Out: Então, nisso, é a mesma coisa! Você não vê ai? Krishnamurti não viveu o tempo todo pra cima e pra baixo? Quem você acha que bancava ele?... Os "bacanas" bancavam ele! Não é?... Você pega ai, caras que não tem tanta percepção de mundo, que estão dentro do sistema... Esses padrecos da vida aí, esses padrecos cantor, eles não tem tudo garantido, tudo sustentado?... E estão só repetindo coisas que estão escritas secularmente, não é? Imagina se a gente tiver isso!

Agora, eu acredito que isso não virá se você não tiver uma seriedade — seriedade que eu quero dizer é no sentido de "série", não é? —... Realmente, eu me dedico à isso todo o dia. Como por exemplo, as pessoas tem que ter seriedade no sistema.... Eles não falam? "O cara é um cara sério! Trabalhador! Um cara que se dedica! Dá a vida pela empresa!"... Se a gente também tiver esse processo de seriedade de querer saber: "O que é que eu vim fazer nessa terra? Não é possível que é só vir aqui pra pagar conta e dar dinheiro para os outros"... Se a gente tiver essa seriedade eu acho que a gente vai chegar nessa resposta; agora, eu acho que para isso, eu acho que a gente tem que ter períodos em que você possa estar numa meditação sem essa enorme massa de influência dispersiva que o sistema traz pra você.

DP: Que é a rede do pensamento, não é?

Out: Que é a rede do pensamento!

DP: Que é muito feroz, que é muito poderosa!...

(nesse momento, duas mulheres se sentam duas mesas ao nosso lado, sendo que uma se senta, de pernas abertas, com um micro-shortes jens, voltada para nosso lado)

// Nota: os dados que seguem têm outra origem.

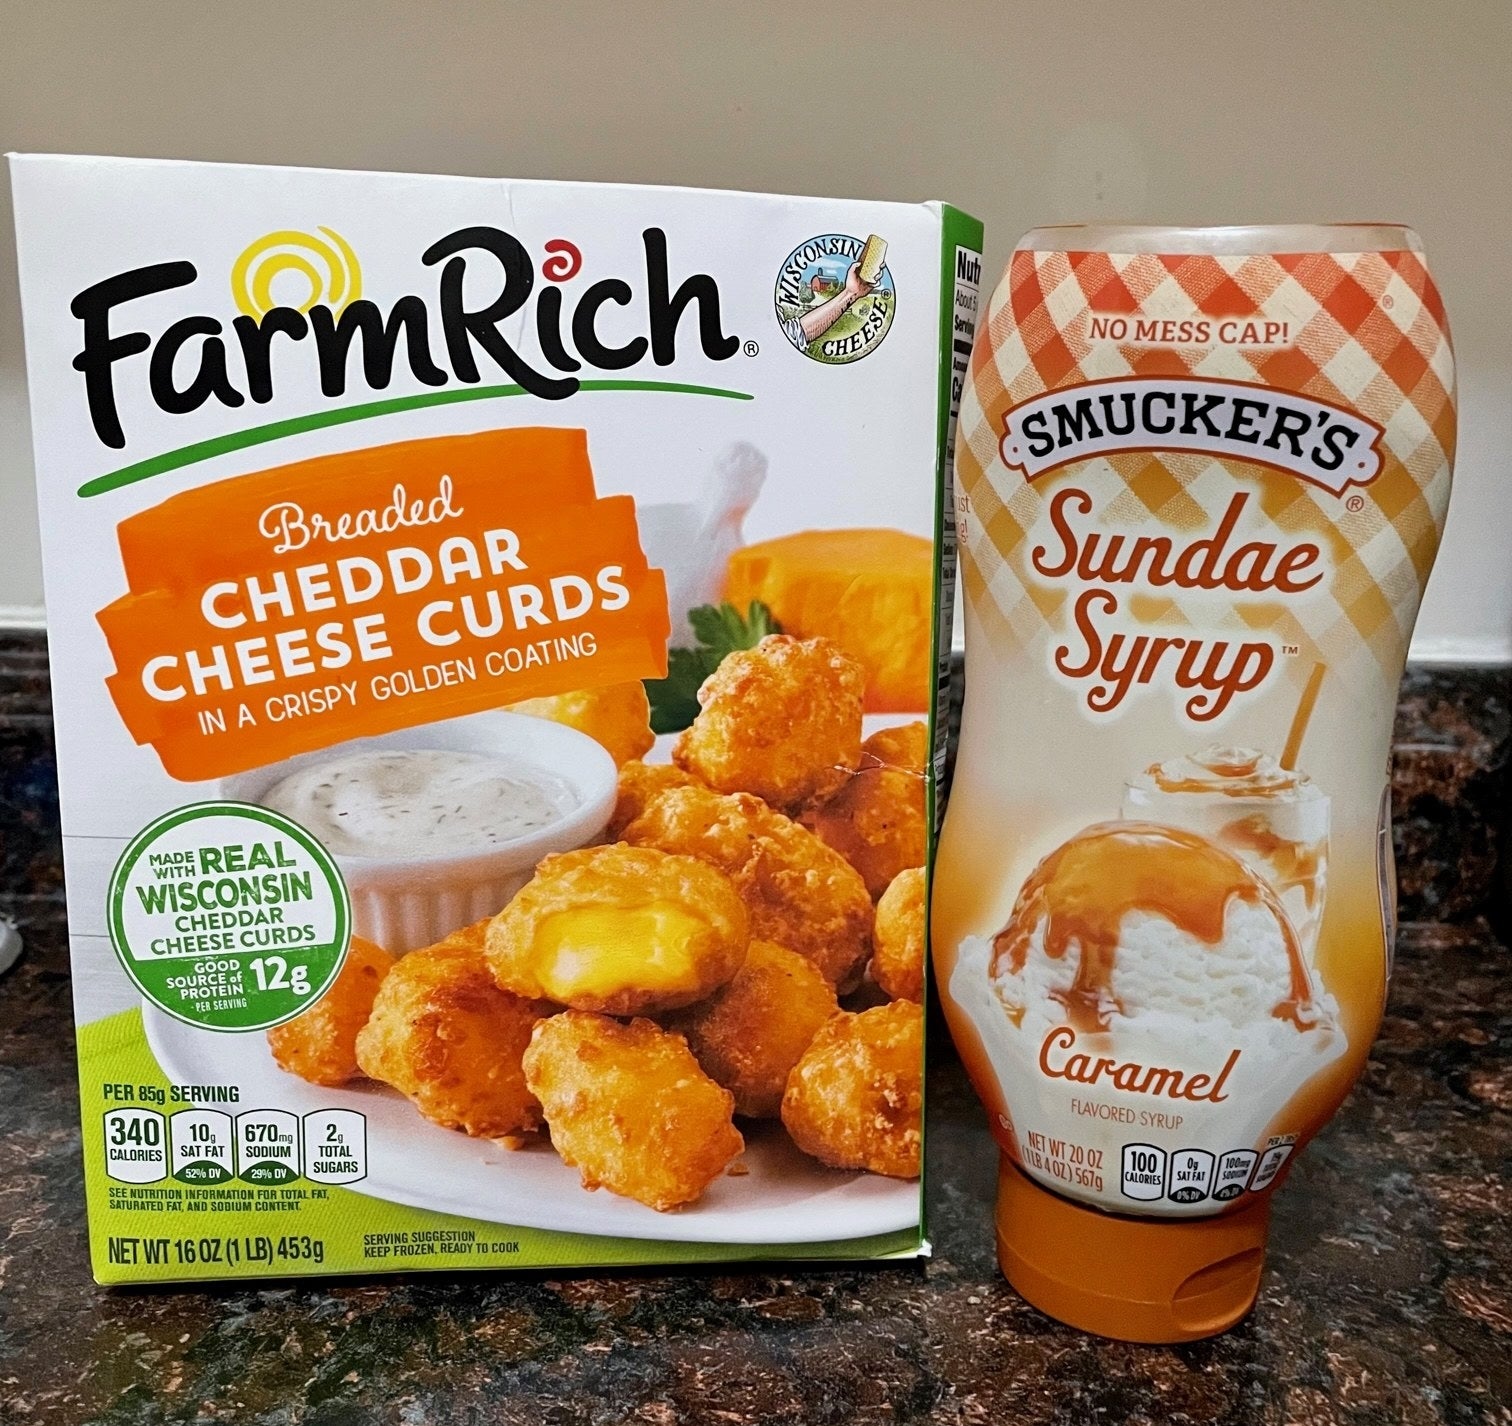 Farm Rich cheese curds and caramel syrup

DP: Não! É impressionante essa coisa da rede do pensamento!... É pra te tirar da coisa mesmo! Tipo assim: você está saindo, está saindo, está saindo, você vai sair... Vem alguma coisa do tipo e tenta "laçar você"!

Out: Isso é direto, cara!

DP: Que louco!

Out: E eu percebo assim: A gente tem que estar atento às pistas que os caras deixar ai, não é? Eles falam; tem um dito popular, um preceito espiritual que fala: "A quem mais é dado..."

DP: Mais é cobrado!

Out: "...mais é cobrado!"... Quanto mais consciência você tem, do processo do pensamento condicionado; quanto mais consciência você tem do movimento da sociedade; quanto mais percepção você tem de como você está sendo influenciado por isso, mais o pensamento "se transveste" e tenta causar esse estado de hipnose, no qual você se identifica e se entrega praquilo... (dirigindo-se para as mulheres como um exemplo influenciante descentralizador)... isso eu tenho percebido direto!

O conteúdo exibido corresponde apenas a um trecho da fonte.